"Czy to Chiny?". Odolany toną w pyle

[object Object]
Problemy na OdolanachWola Do Życia
wideo 2/6

Gruba warstwa szarego pyłu na ulicy, zakurzone samochody i znaki drogowe - taki obraz widzimy na nagraniu wysłanym na Kontakt 24. "Czy to Chiny?" - pyta retorycznie jego autor. Nie, to dynamicznie rozbudowujące się Odolany.

Skąd porównania do Chin? Tamtejsi mieszkańcy od lat walczą z gigantycznym smogiem. W Pekinie bywa tak gęsty, że nie widać nawet budynków w najbliższej okolicy. Wychodząc na ulice, mieszkańcy nakładają na twarze maski ochronne.
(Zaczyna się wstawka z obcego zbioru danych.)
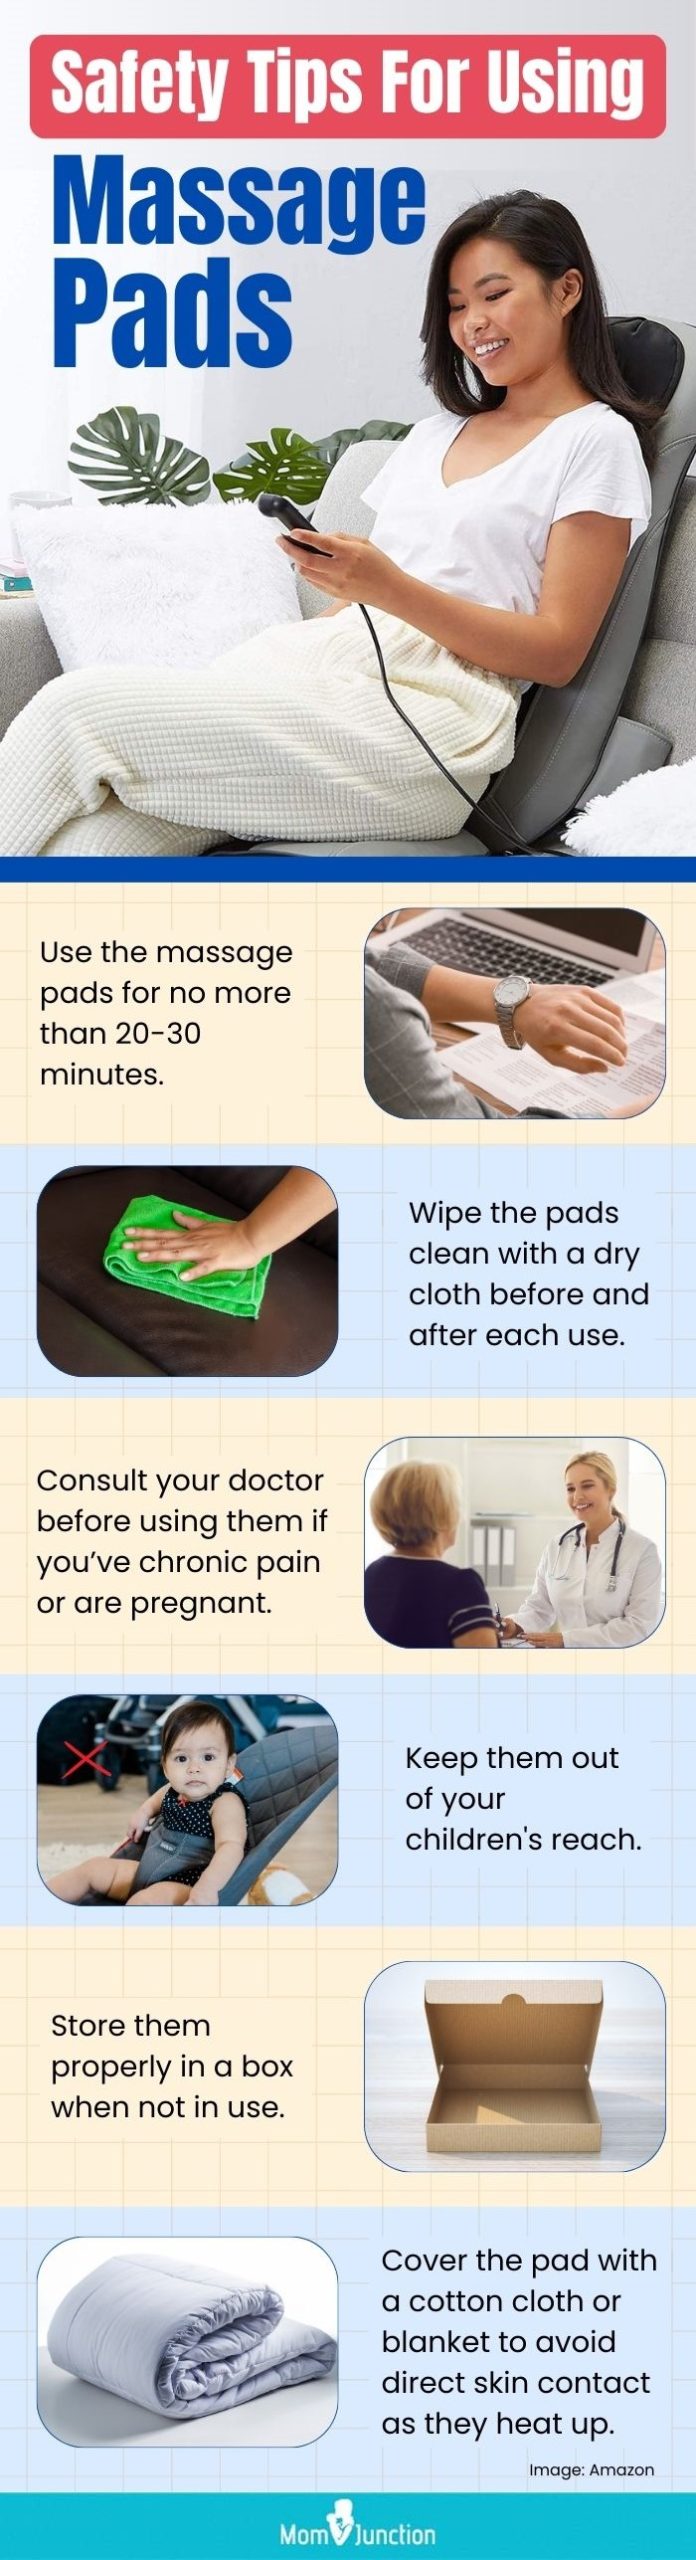 https://www.momjunction.com/wp-content/uploads/2020/06/Safety-Tips-For-Using-Massage-Pads-scaled.jpg
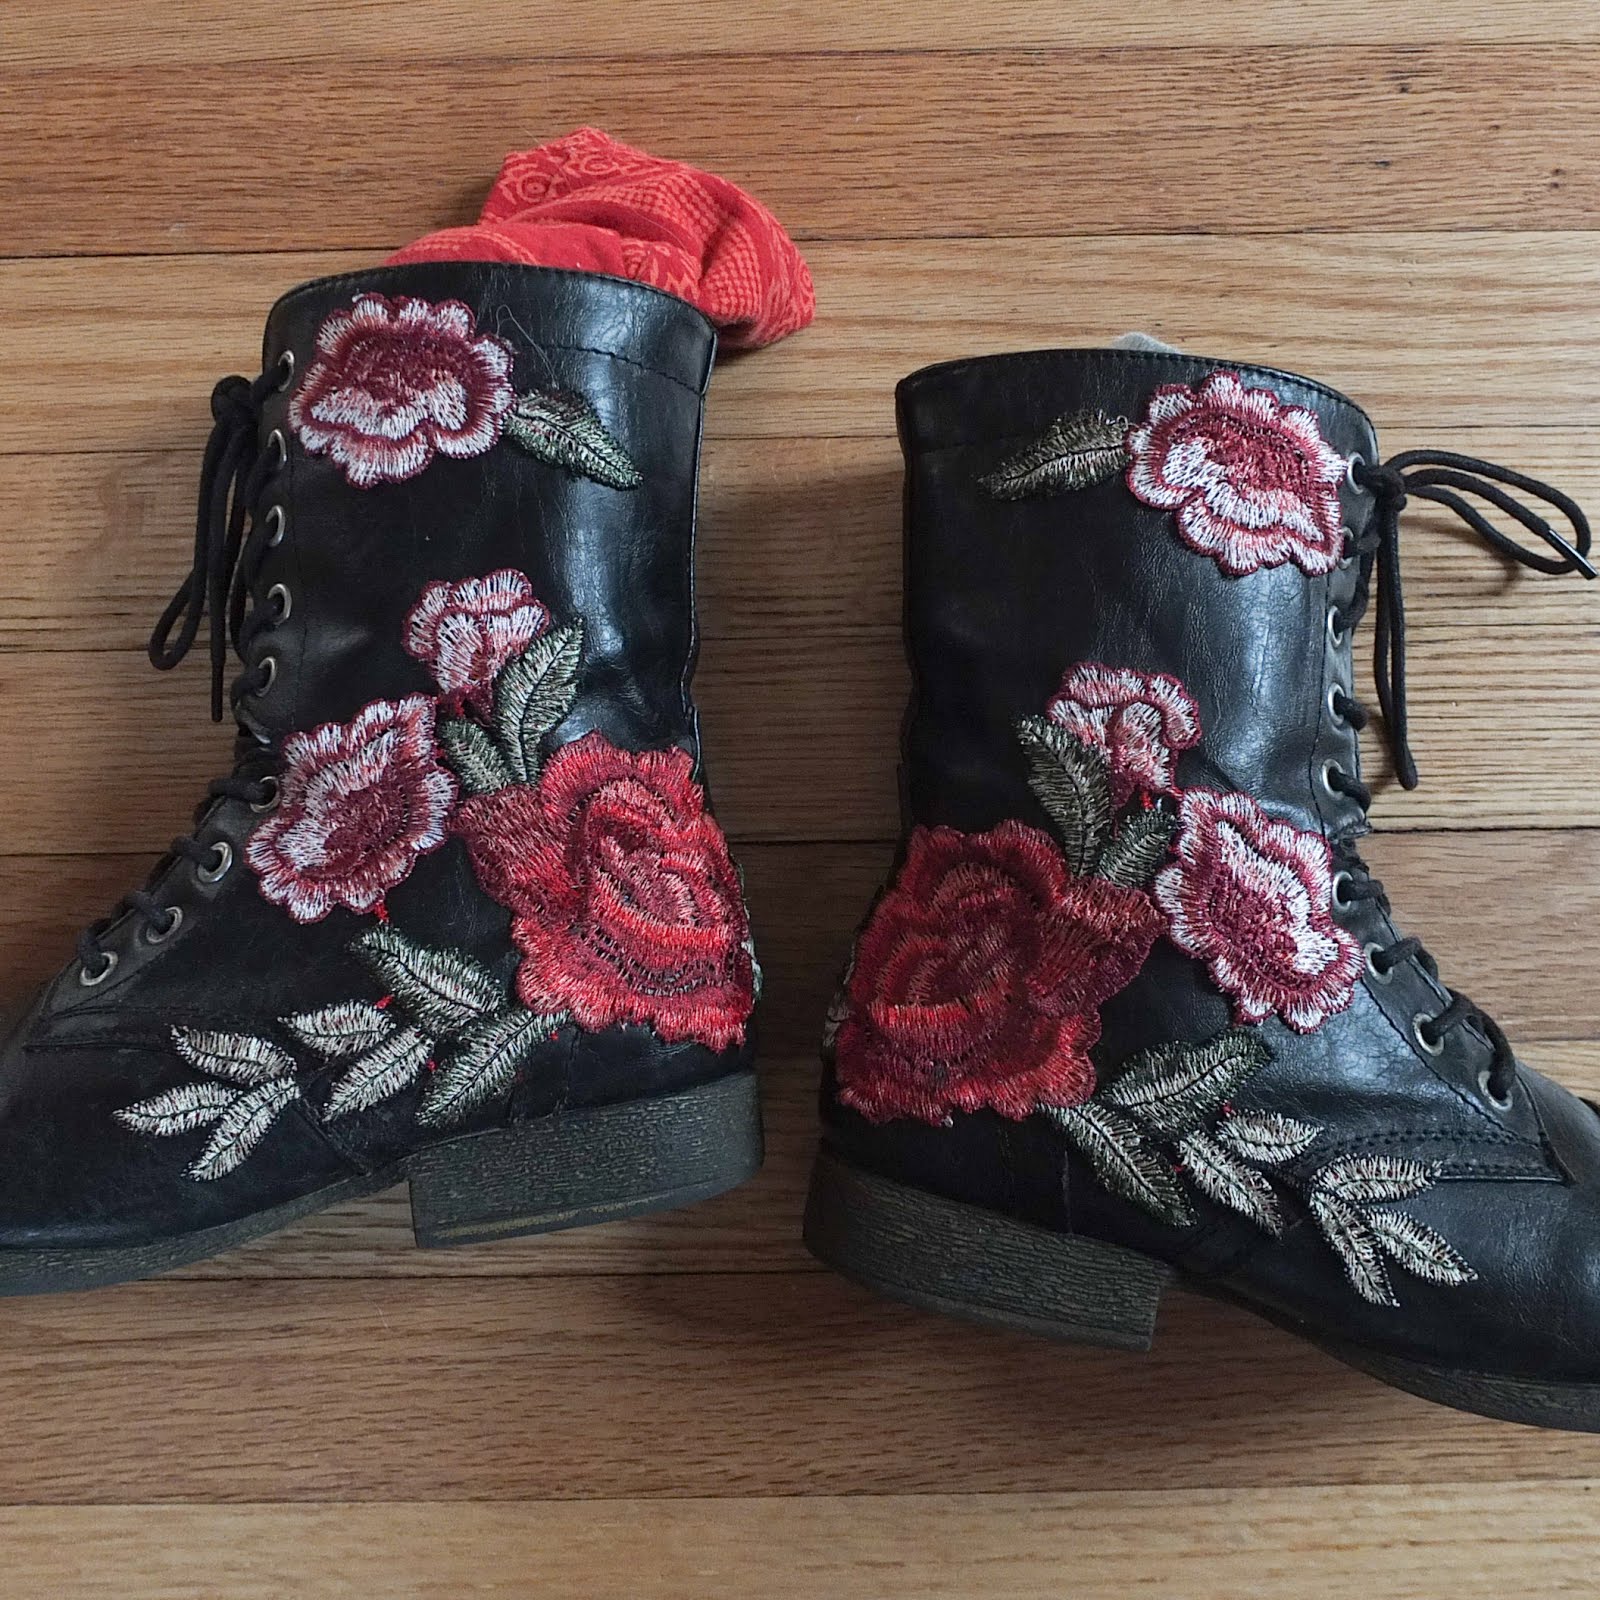 The Unfashionista: Embroidered boots

Nagranie przesłane przez Reportera 24 Marka też robi wrażenie. Środa, późne popołudnie. Ulica Ordona na Odolanach. Wokół jest szaro, nie tylko przez zapadający powoli zmrok. Chodnik i jezdnia pokryte są grubą warstwą kurzu. Podobnie jak zaparkowane wzdłuż niej samochody. Żółty volkswagen z nieco uszkodzoną maską z powodzeniem mógłby posłużyć jako element scenografii filmu katastroficznego.
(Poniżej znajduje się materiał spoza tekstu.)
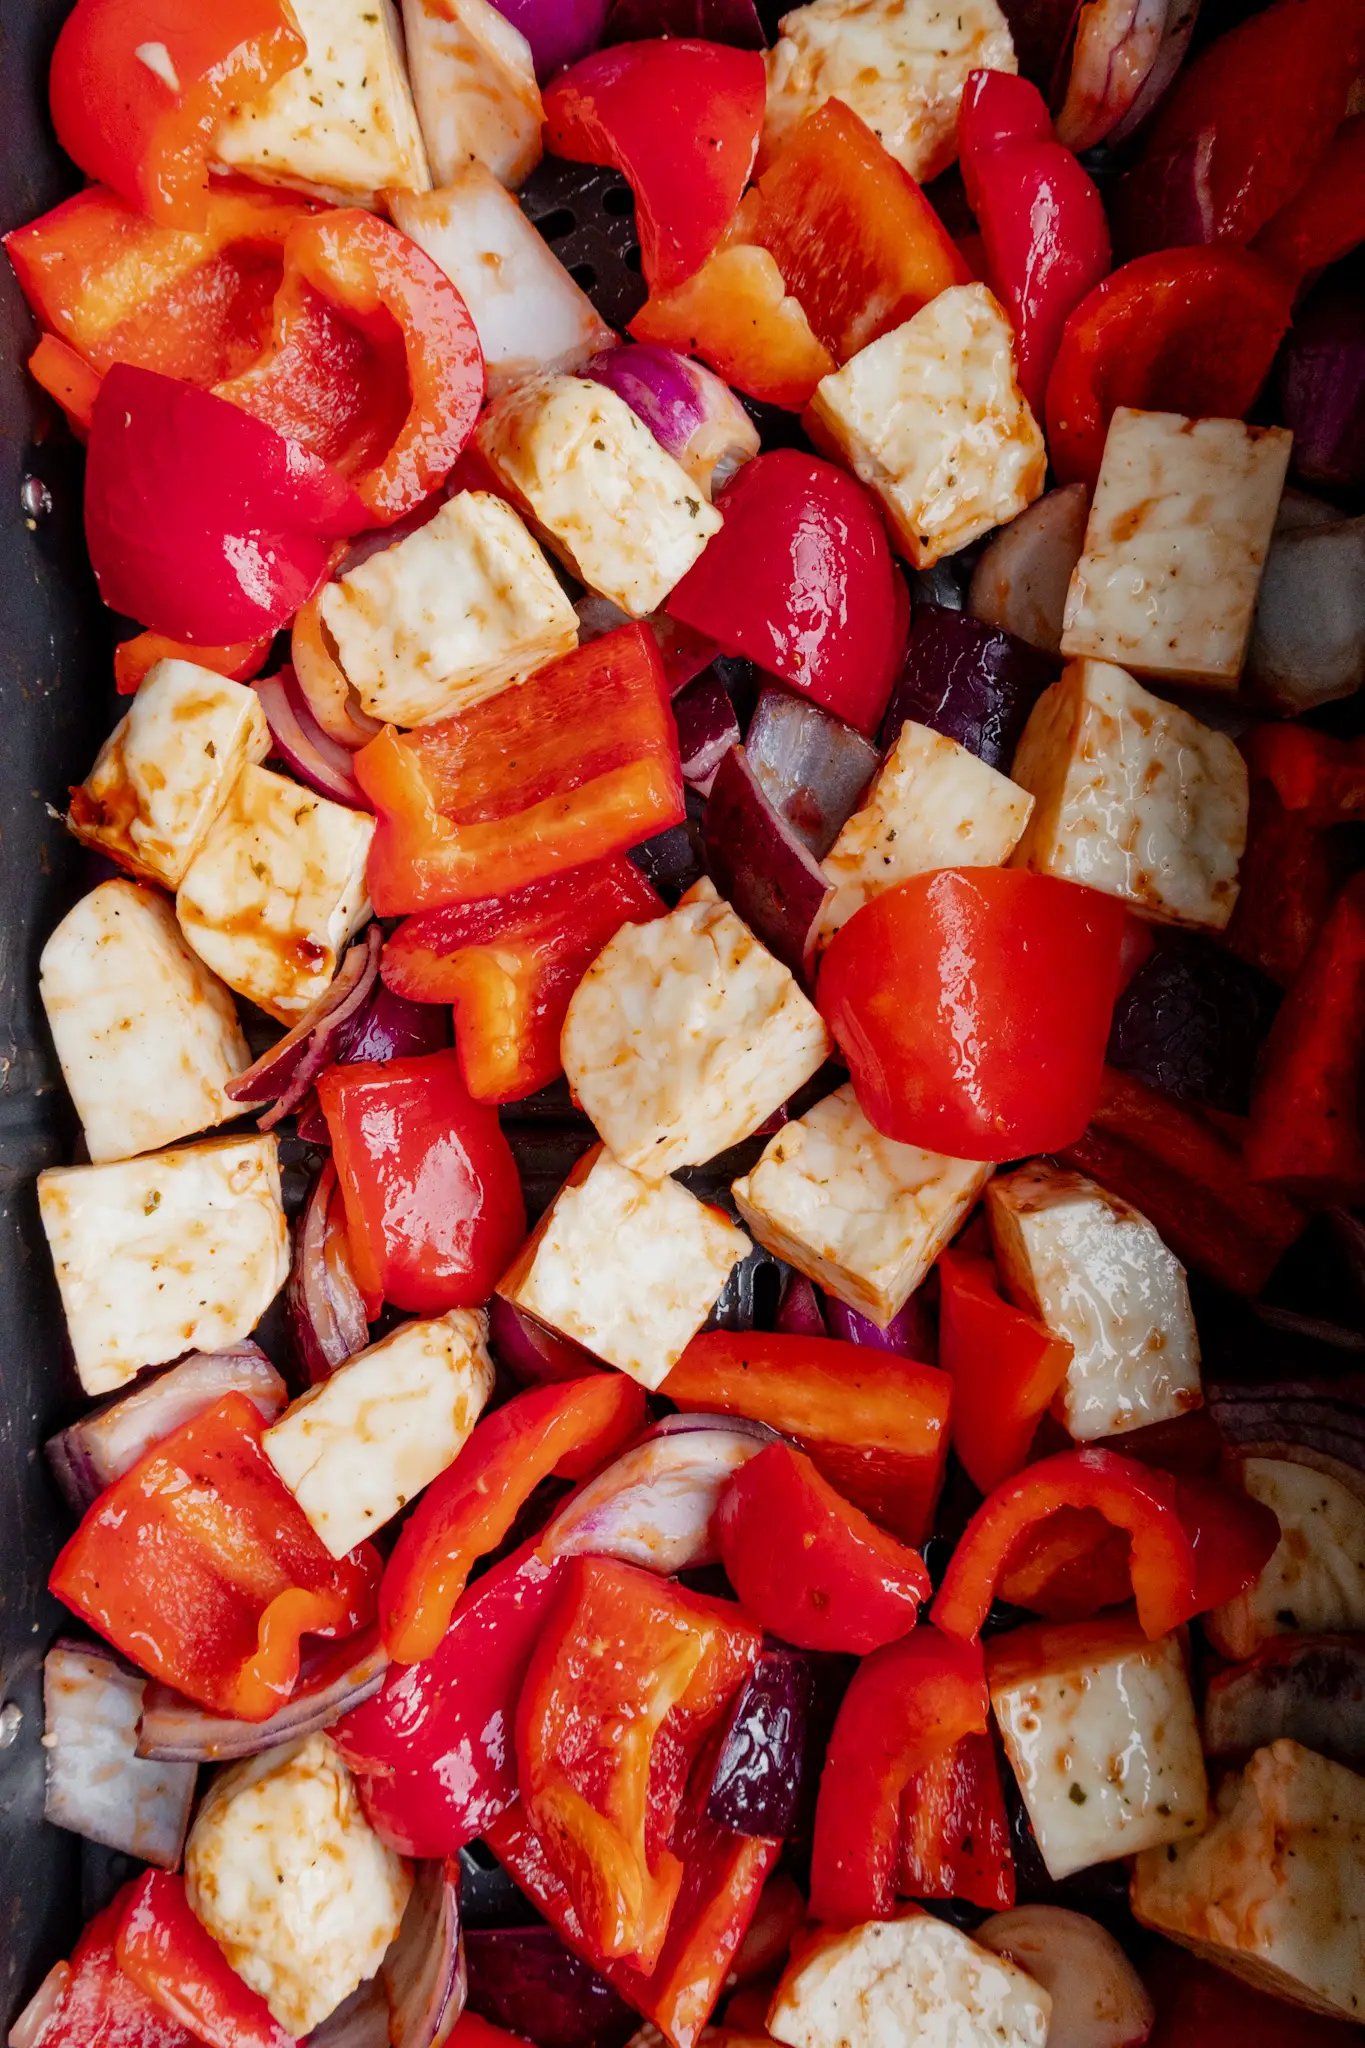 Halloumi, bell peppers and red onion

Na początku na filmie panuje cisza. Po kilkudziesięciu sekundach psuje ją dynamicznie przejeżdżający samochód ciężarowy - stały element krajobrazu tej części Woli (na Odolanach działa kilka zakładów przemysłowych, do których stale dojeżdżają ciężarówki). Z pewnością nie są to przyjemne warunki do spacerowania.

"Prawdziwy dramat mieszkańców"

Obraz zarejestrowany przez Reportera 24 nie należy do rzadkości i to nie tylko na Ordona. Podobnie jest na pobliskiej ulicy Jana Kazimierza, Sowińskiego czy Gniewkowskiej. W sprawie kurzu i pyłu na Odolanach wiadomości od mieszkańców przychodzą do naszej redakcji regularnie. Ta jest z ostatniej środy:

"Wzdłuż ulicy Jana Kazimierza rozgrywa się prawdziwy dramat mieszkańców. Ogromny natłok inwestycji w jednym miejscu i czasie (rozbiórki i budowy) oraz ignorowanie podstawowych potrzeb zarówno przez urzędników, służby jak i inwestorów/wykonawców doprowadził do katastrofalnego zapylenia całej okolicy. Zainteresujcie się tematem. Tego się nie da opisać to trzeba zobaczyć na własne oczy" - napisała jedna z czytelniczek.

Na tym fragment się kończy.